In the night he turned and saw the face at the window, its lower half concealed by a dirty white mask. The eyes were as black as to not be there, shadows, sockets punched out of coke. Hair lashed the forehead. A hand left a greasy imprint on the glass. Then the face was gone. A lull. It woke him, spooked him. He lay in the darkness feeling certain that if he moved he would tumble into a chasm so deep that it would have no end. He would die of thirst before impact. He reached out and Becky was next to him. She made no sound while she breathed. She responded to his touch, though, rolling over and slipping her hand into the waistband of his boxer shorts. He stiffened immediately, felt the blood leave his head so quickly that an ache took its place as if he had swallowed an iced drink too swiftly. But he was too distracted by the face at the glass to be able to think of anything else. He turned to look at Becky but the darkness wouldn't soften. He edged away and swung his feet to the floor. The motorhome creaked as he picked his way to the door. He opened it and stepped outside. The wheelbarrow carrying their provisions was where he had left it. He wondered if he should have rooted around for his mask and goggles before leaving the vehicle. The sight before him wiped the thought immediately from his mind.
The clouds had parted. There was a patch of the universe visible through it, about the size of a football field. The stars seemed packed within, as though so desperate to be seen they'd shifted their positions. He watched until the cloud knitted itself together again. It was as if it had never happened. The wind stirred his fringe. Soon it might be howling around them again. What was this? Eye of a storm? He could hear thunder coming up from the south. The familiar pulses of silver. It was warmer outside than in. He knelt and placed his hand against the tarmac. Residual heat. He wondered if it was from the event itself. He thought of his parents in their tiny garden, sitting together doing the crossword and drinking gin and tonics before dinner. He hoped that oblivion had reached them as quickly as it had those in Hiroshima. He couldn't cope with the thought of them surviving and struggling.
Black, burned bushes at the side of the road. Scars in the embankment where cars had collided and rolled. He looked at all the dead vehicles, dozens of them, and wondered if they could ever be fixed. If something electrical made now by someone with know-how would work, or whether there was some atmospheric gremlin in the air that would not allow it.
He walked around the motorhome to the off side. He peered into the dark. Another four hours until light, or its approximation. In the centre of the road was a diagram, scratched into the tacky skin of filth with a chunk of rock. It was a picture of a hand with six fingers and, within it, a stick figure.
He remembered the bowl of meat. How he had scooped up the hot, greasy contents, chewing the skin which crackled under his teeth. The flavour of it rose in his throat now and he was sick, a thin gruel of whisky and soup. The tattoo. What had they given him?

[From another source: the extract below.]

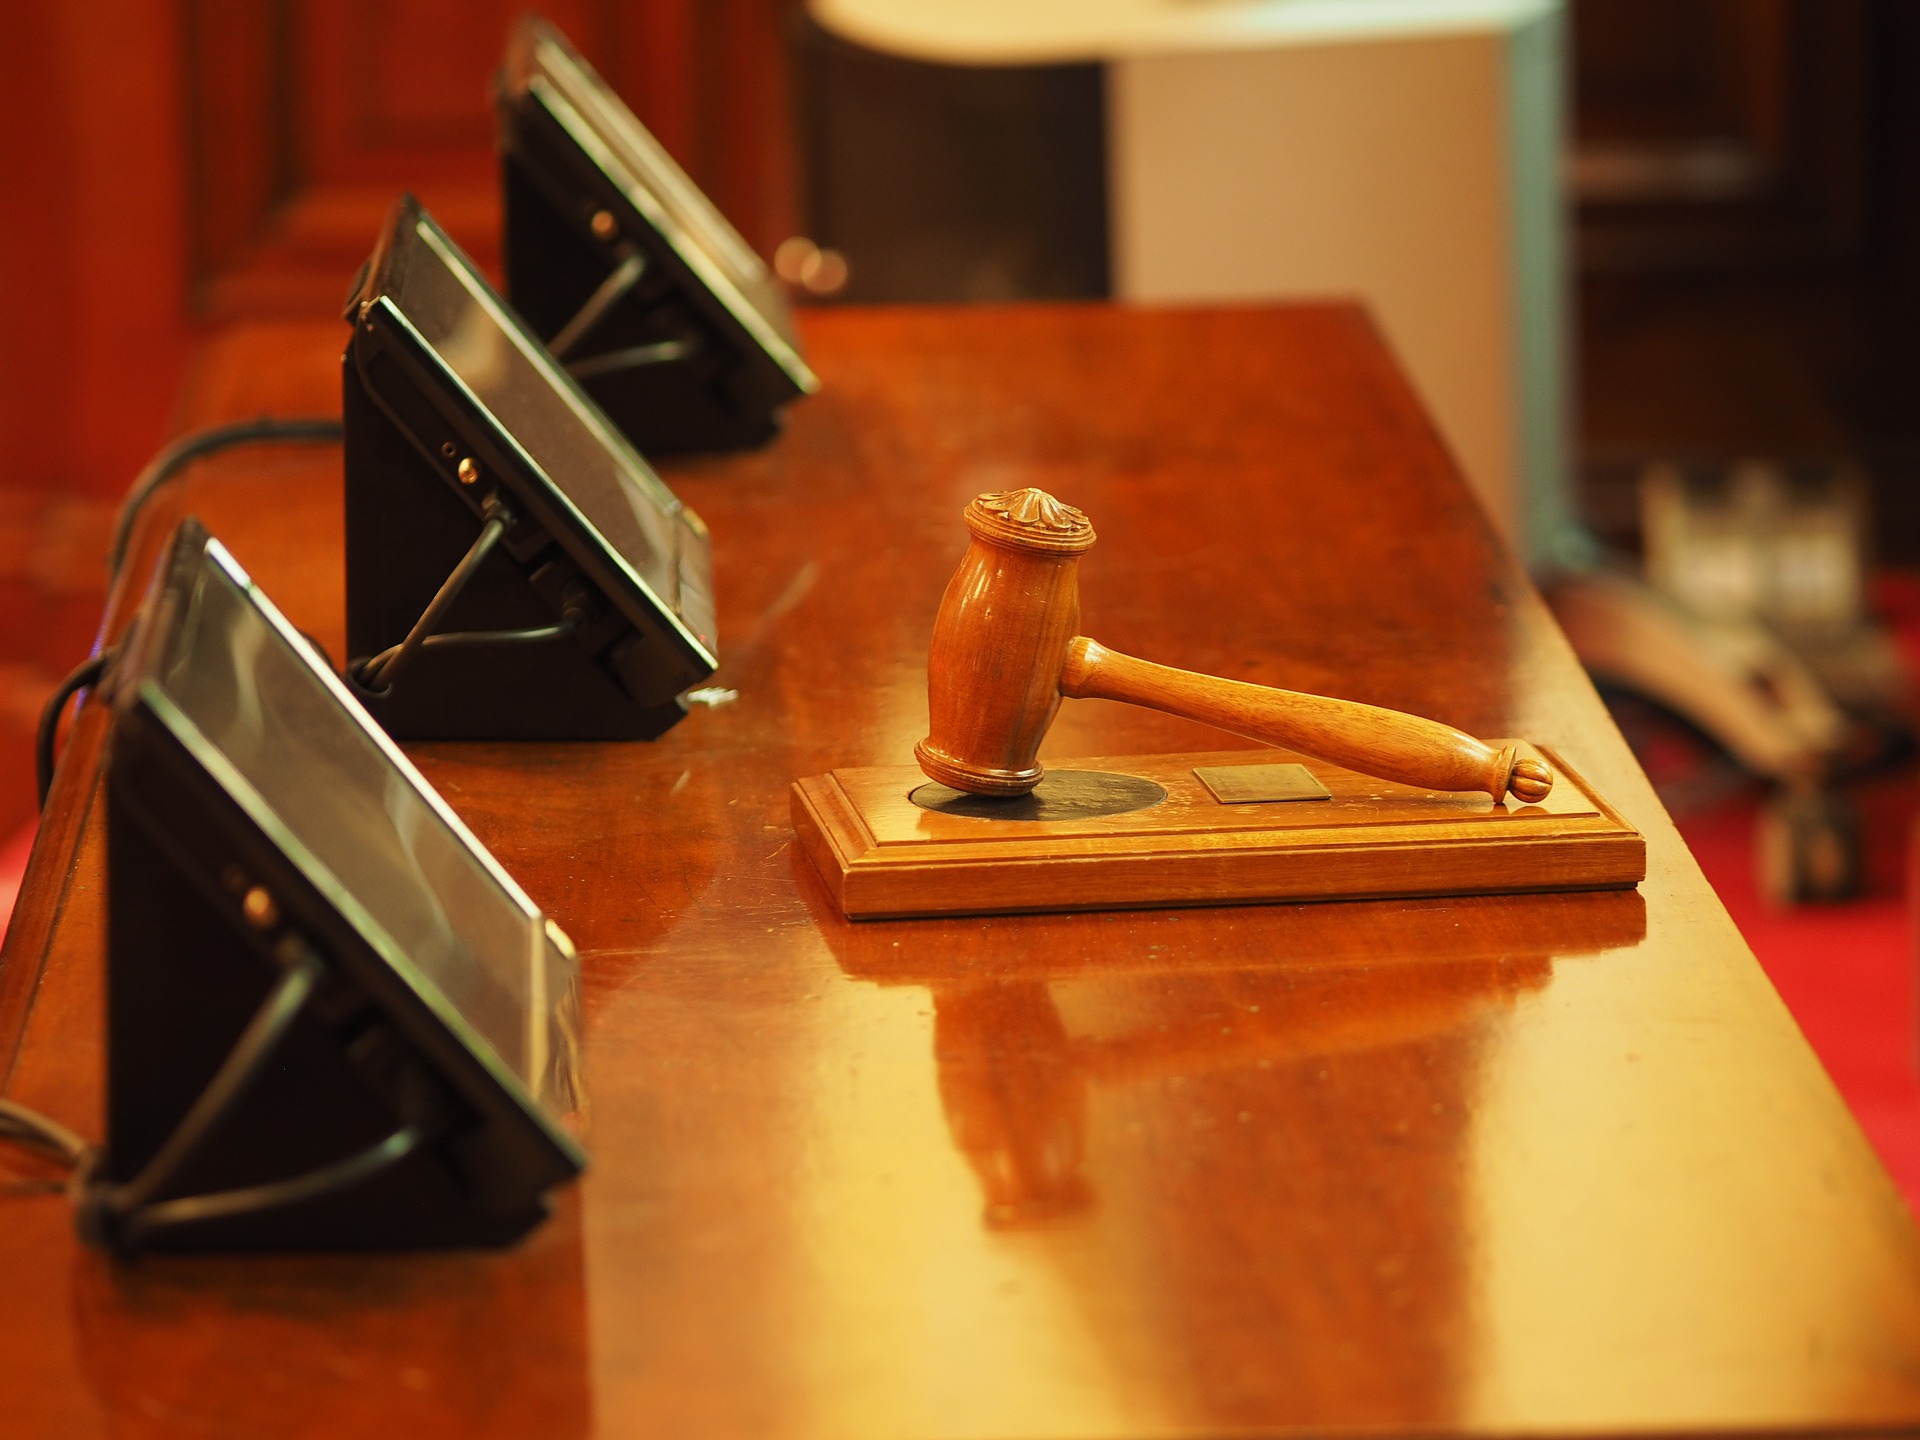 judge gavel on table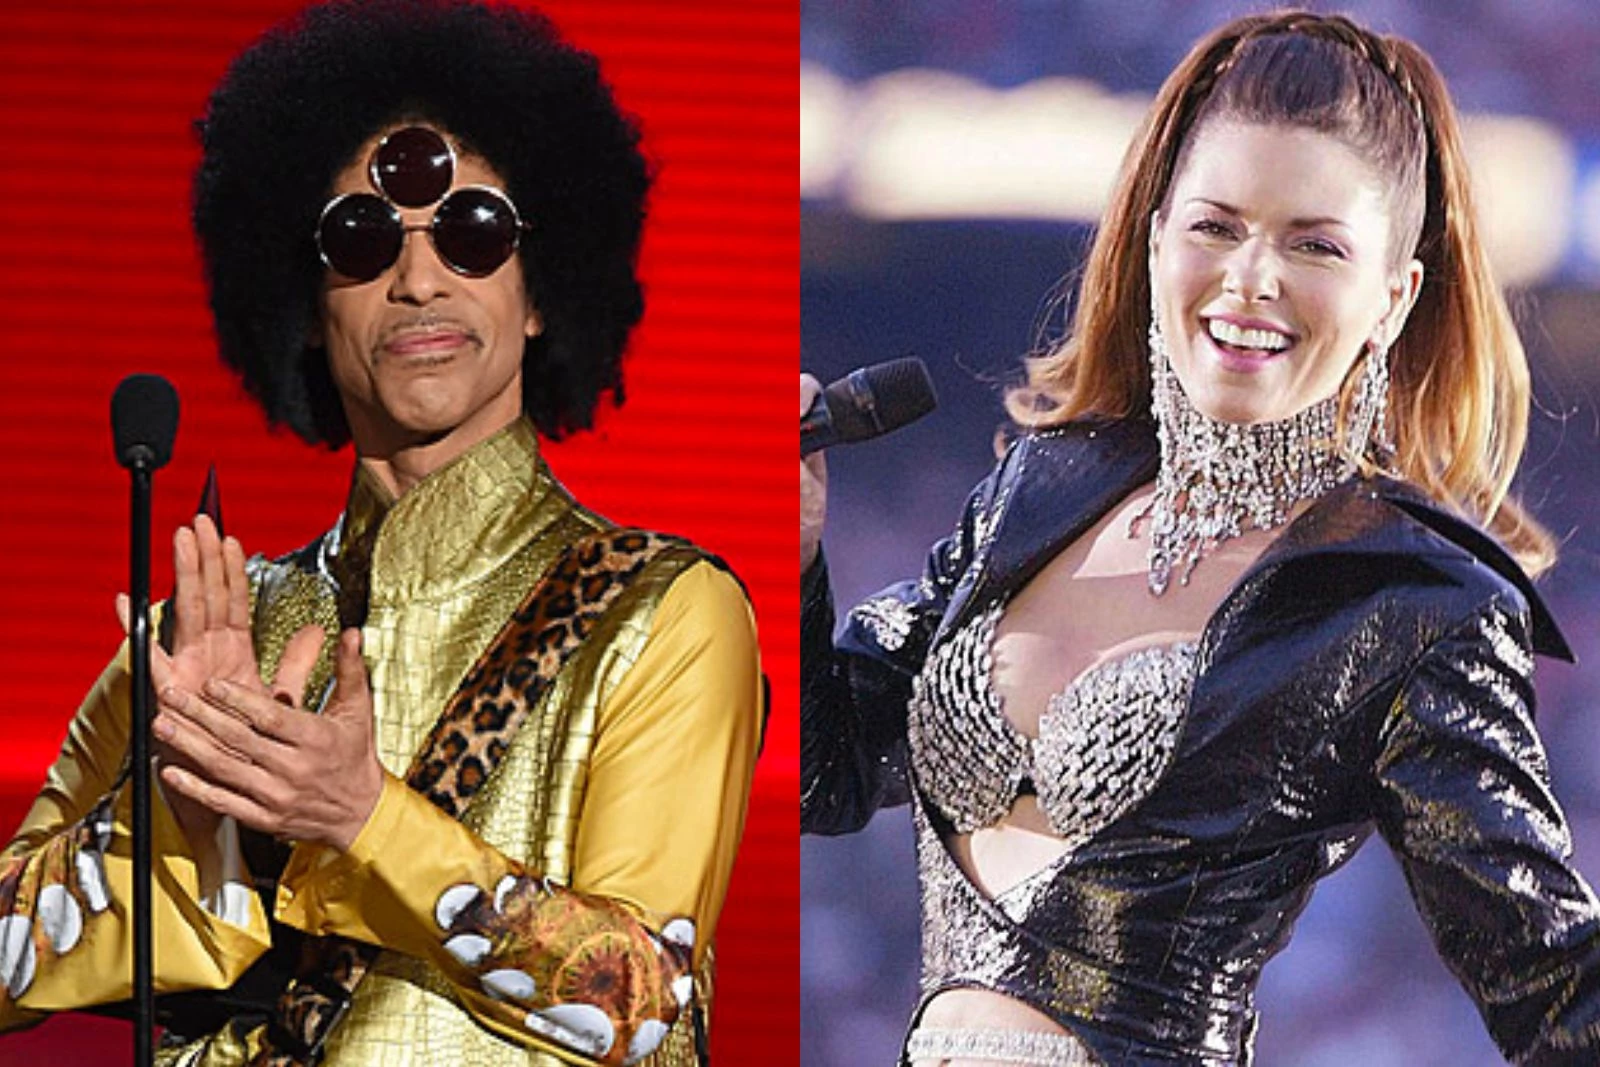 Prince Invited Shania Twain to Make the 'Next "Rumours" Album'

He looked up at the motorhome. On the window above the kitchen sink was a handprint.
12. BREAKING AND ENTERING
In the morning Jane broke into a barn and found a keeve filled with broken bottles and jars of fermenting pickle. There was a wooden chest filled with junk. He sorted through it but there was nothing worth taking although he did see a toy boat, painted blue and white, with a broken mast, no sail. He put it in his coat pocket. He emptied the keeve, wiped it clean with his gloved hand, and lugged it back to the motorhome. He used a pan to scoop up dirty water from a nearby brook, filtered it with a sieve and heated it on the burner. It took a while but the promise of a hot bath was worth it.
'Go ahead,' he told Becky when she'd risen. She was standing at the door in her underwear, her hair tousled, looking down at the grey, steaming bathwater. 'A gift from me to you. A thank-you.'
He took Aidan's arm and guided him away. They walked along the carriageway and Jane showed him the cats' eyes set into the middle of the road. He wanted to show him how the fixed rubber dome they were set into wiped the glass clean when it was depressed, but all of the rubber had melted. He picked one of the eyes out with his knife and handed it to Aidan. The mist wouldn't allow them a view south further than two hundred feet. It looked like something from a war photographer's portfolio.